Credit: RADIUS IMAGES/CORBIS

This strange observation eventually led to the discovery of a genetic locus that affects our tongue's ability to detect bitterness in quinine — a big step on the road to understanding how people differ from one another in terms of taste, and how these differences shape what we like to eat.

A bitter taste

Bitter is one of the five primary tastes — along with sweet, sour, salty and the savoury umami — that compose the gustatory system. Of these, bitter is perhaps the best characterized in terms of the influence of genetic variability on taste.

In humans, the cells responsible for bitter taste perception express 25 receptors (T2Rs) that vary in the chemicals they recognize but which appear to perform a common role in preventing people from eating toxic compounds.

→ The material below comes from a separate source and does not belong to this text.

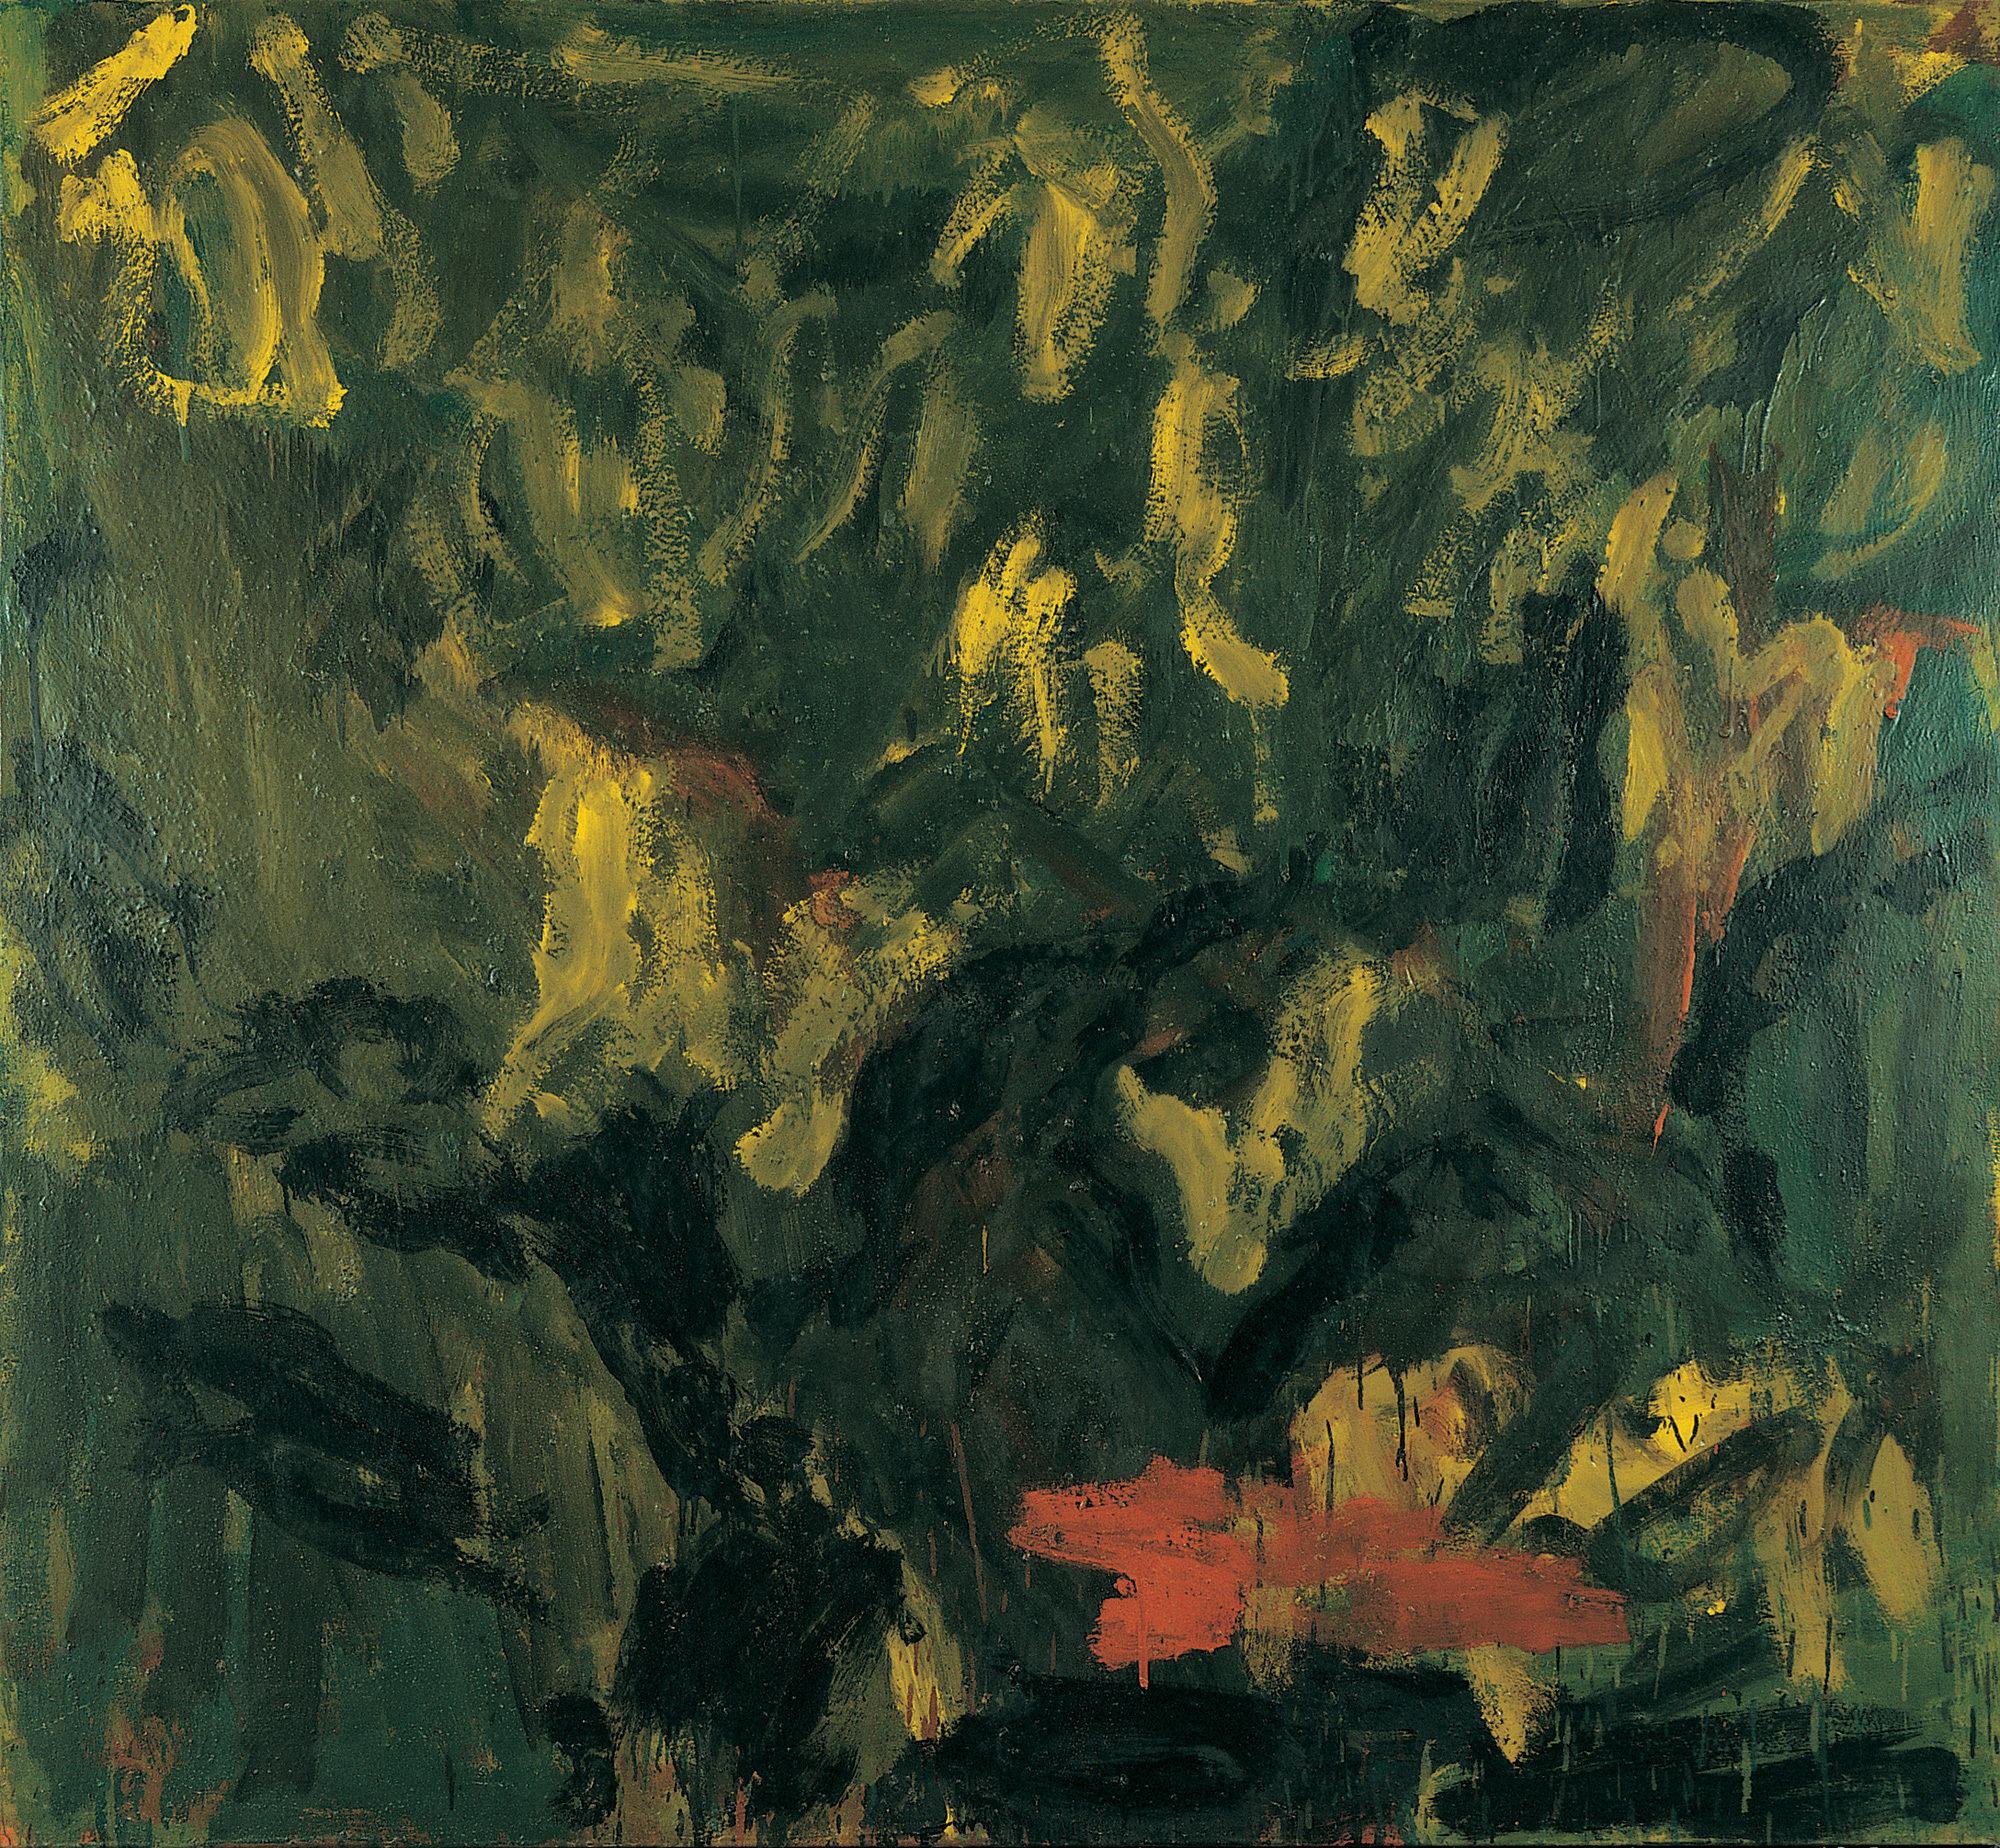 Dans les champs d'oliviers, huile sur toile,188 x 205 cm. (Photo © A.Morain)
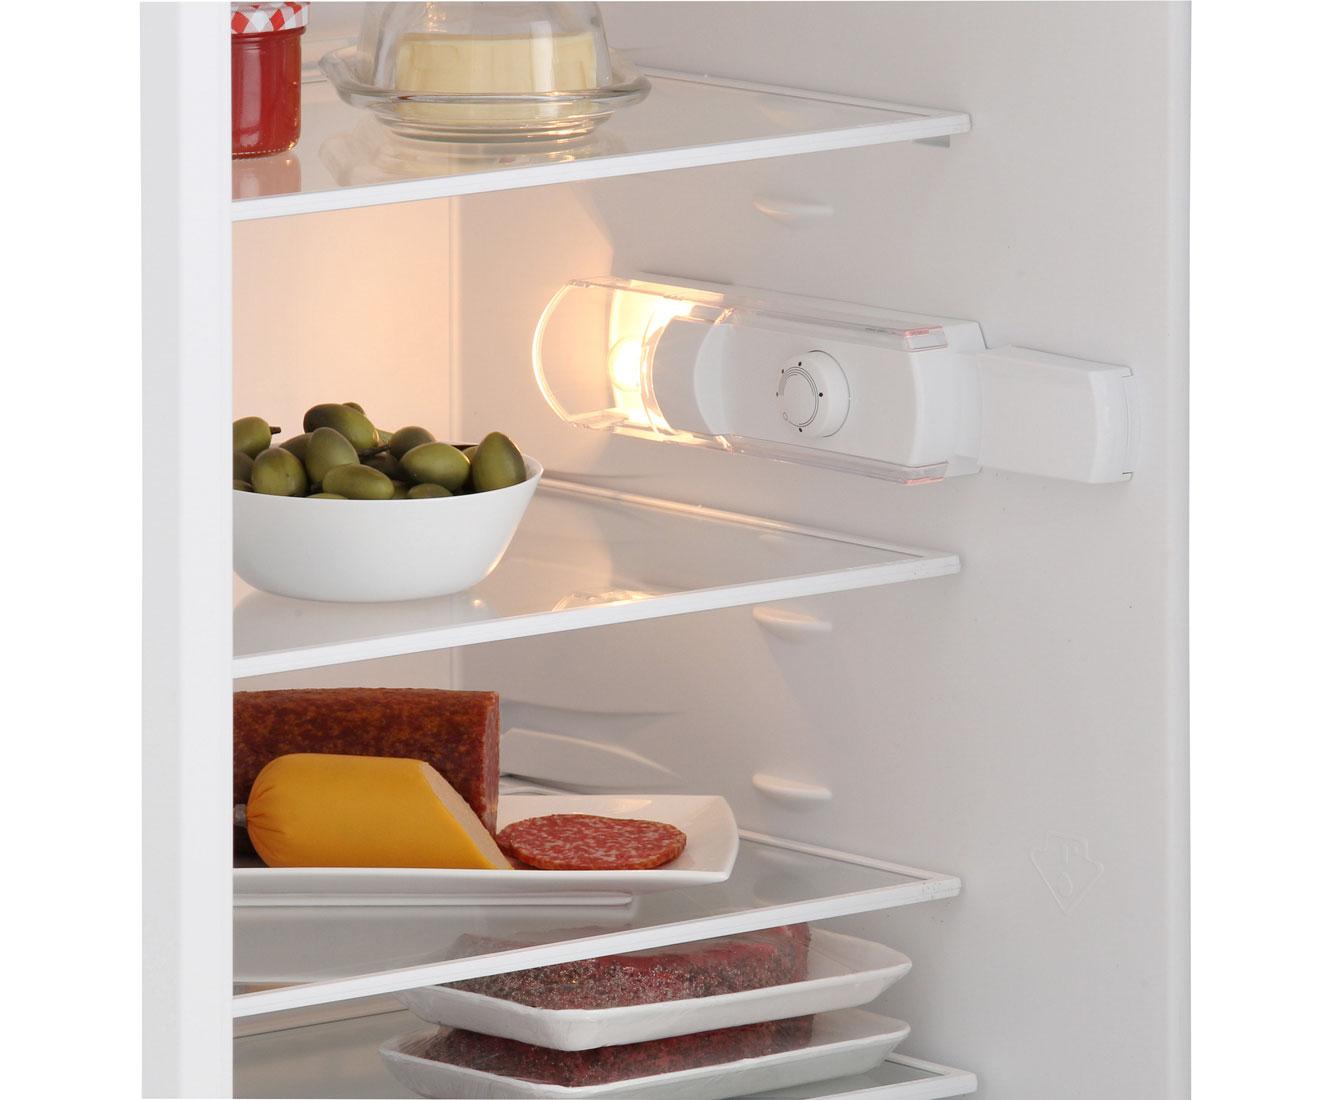 Aeg Kühlschrank Einstellen : Kühlschrank festtür einstellen kühlschrank modelle

Accordingly, some scientists are convinced that humans evolved taste to detect harmful substances. “A newborn baby is born loving sweet and hating bitter — no experience required,” says Linda Bartoshuk, director of human research at the Center for Smell and Taste at the University of Florida.

Insensitive variants have been identified for several bitter receptor genes and are common in the general population. For example, mutations in T2R38 render individuals incapable of tasting PTC or the related compound 6-n-propylthiouracil (PROP).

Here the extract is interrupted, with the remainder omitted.